Task objective
Quote every line of the data below as it stands, omitting pictures.

Data shown

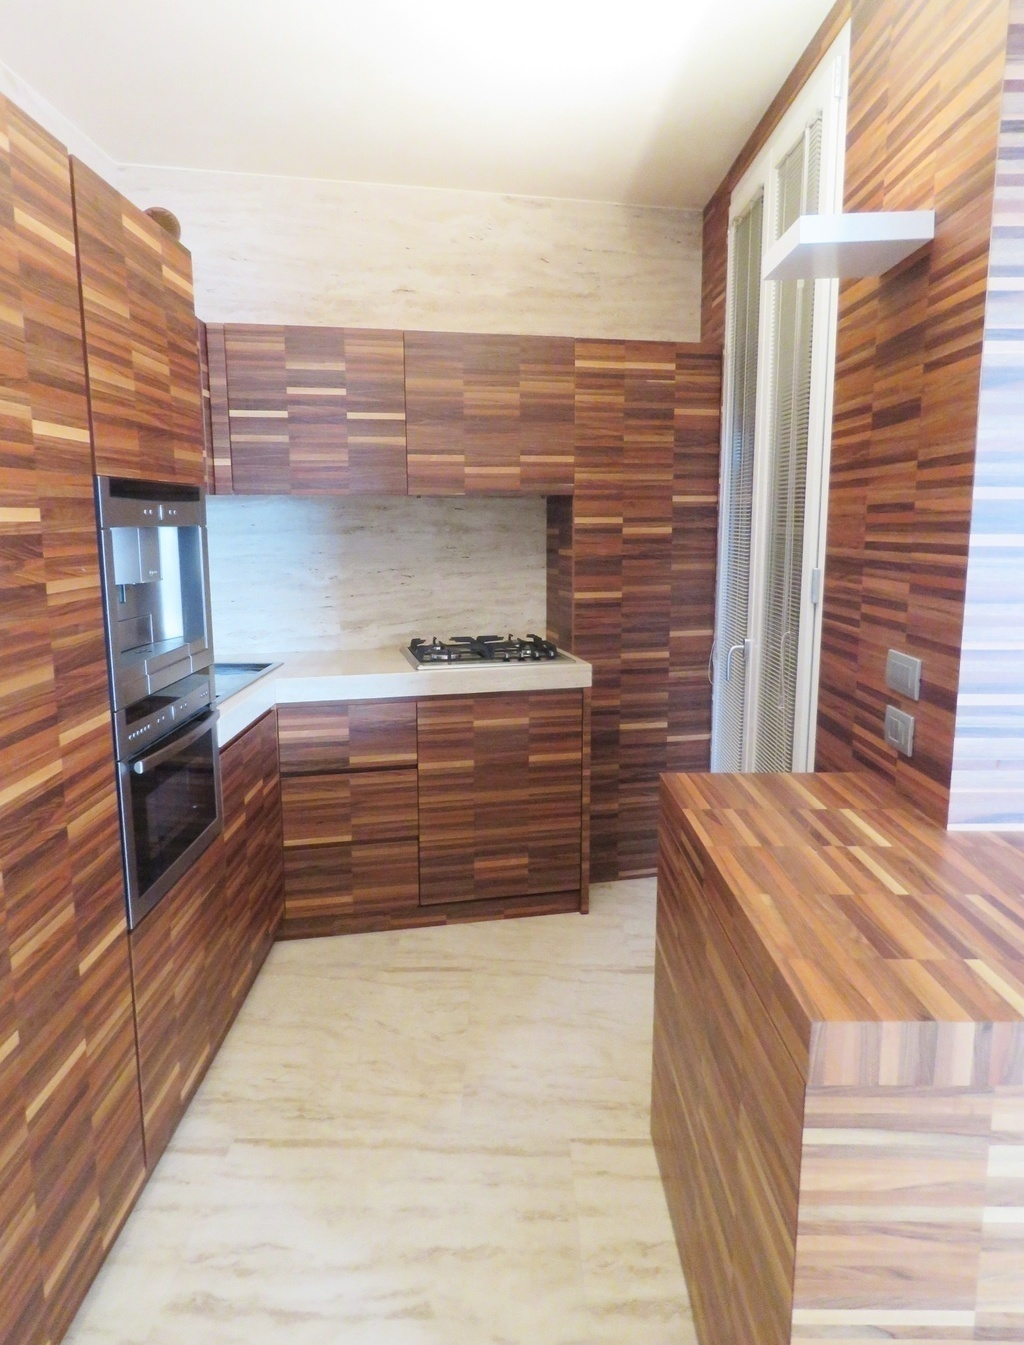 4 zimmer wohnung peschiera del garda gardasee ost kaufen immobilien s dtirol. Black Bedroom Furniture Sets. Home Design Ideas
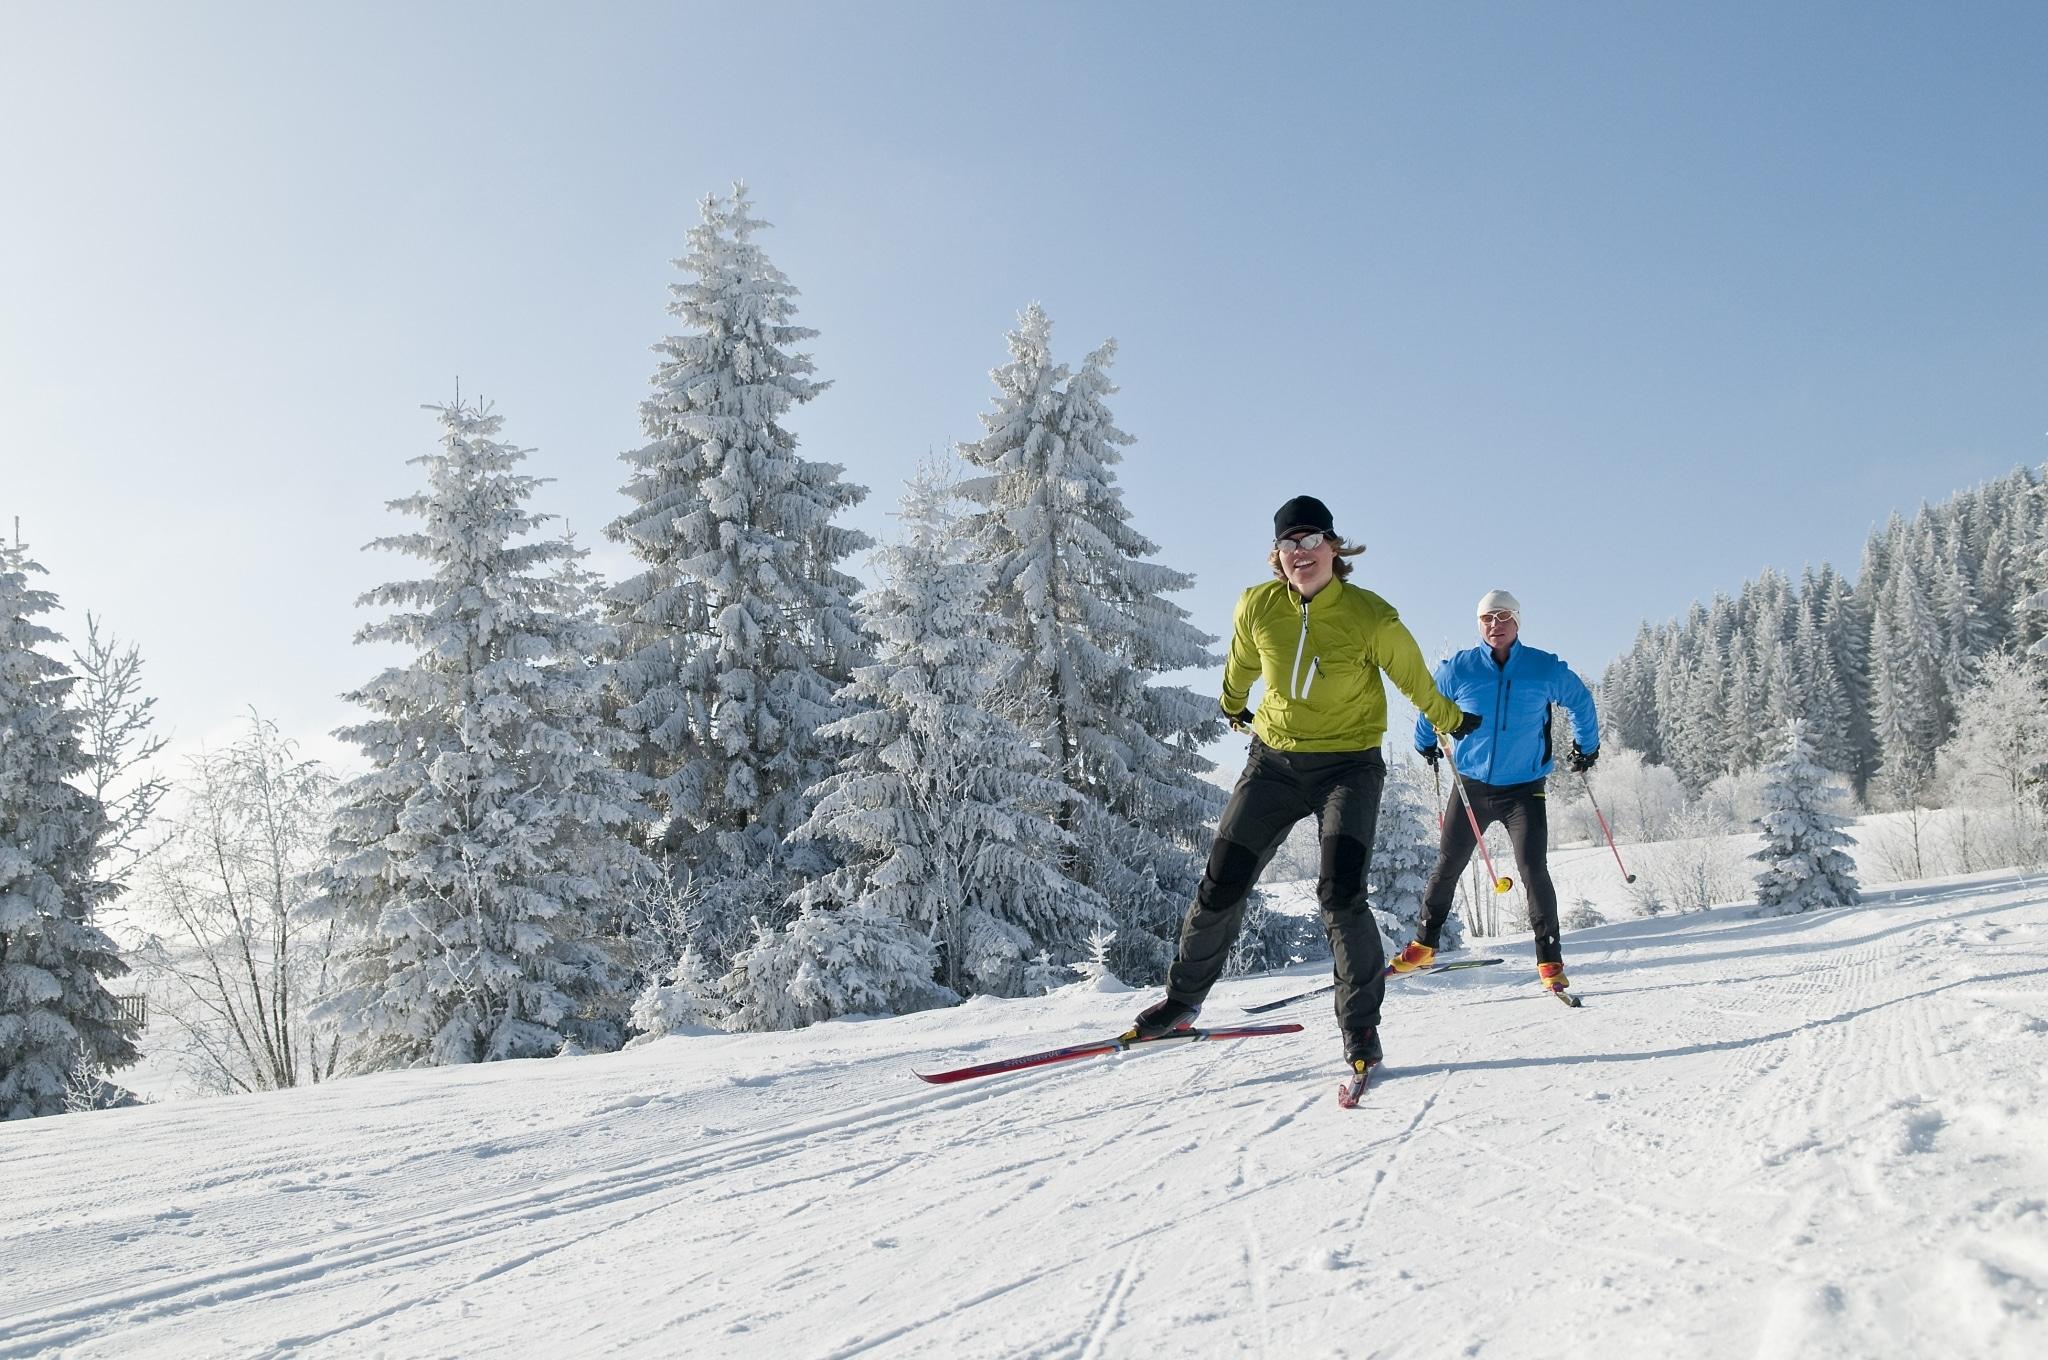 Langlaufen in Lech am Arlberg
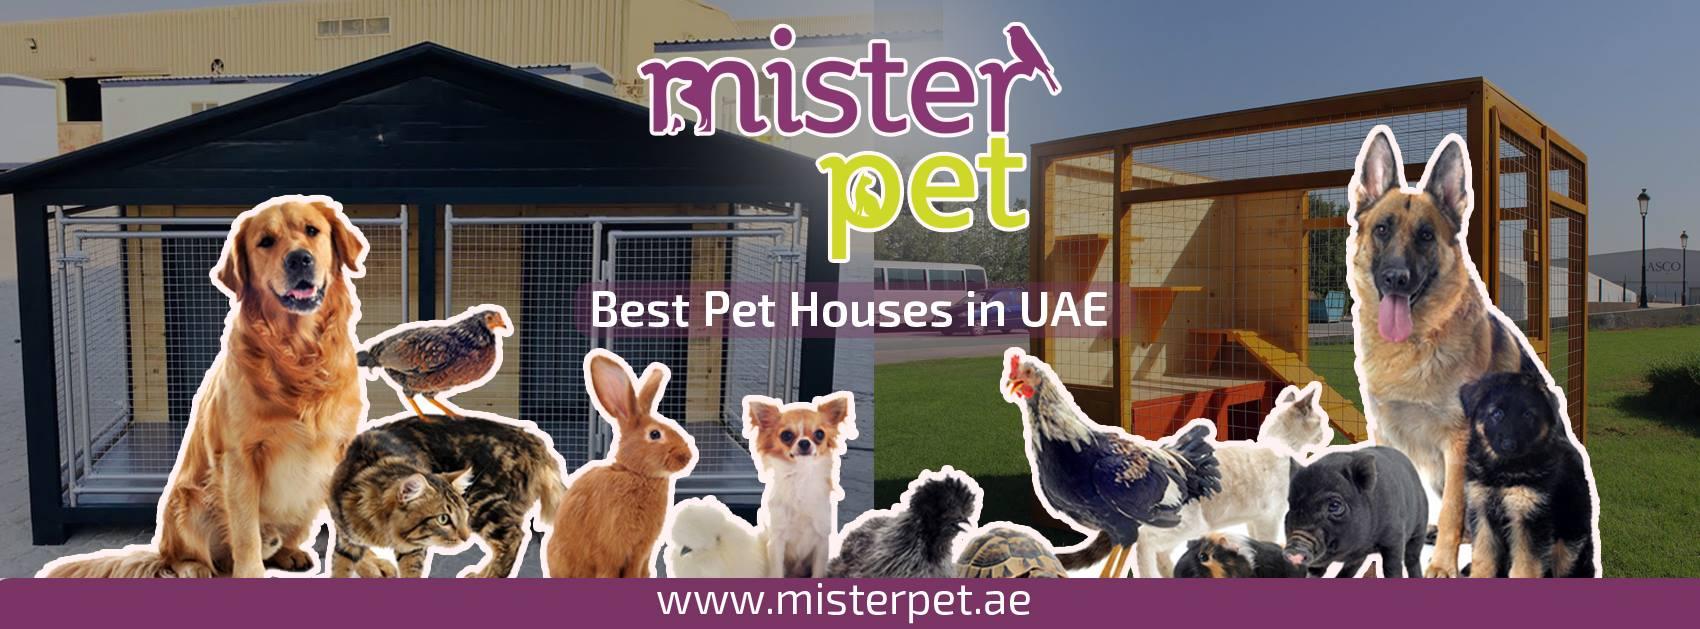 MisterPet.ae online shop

Written reply
 4 zimmer wohnung peschiera del garda gardasee ost kaufen immobilien s dtirol. Black Bedroom Furniture Sets. Home Design Ideas
 Langlaufen in Lech am Arlberg
 MisterPet.ae online shop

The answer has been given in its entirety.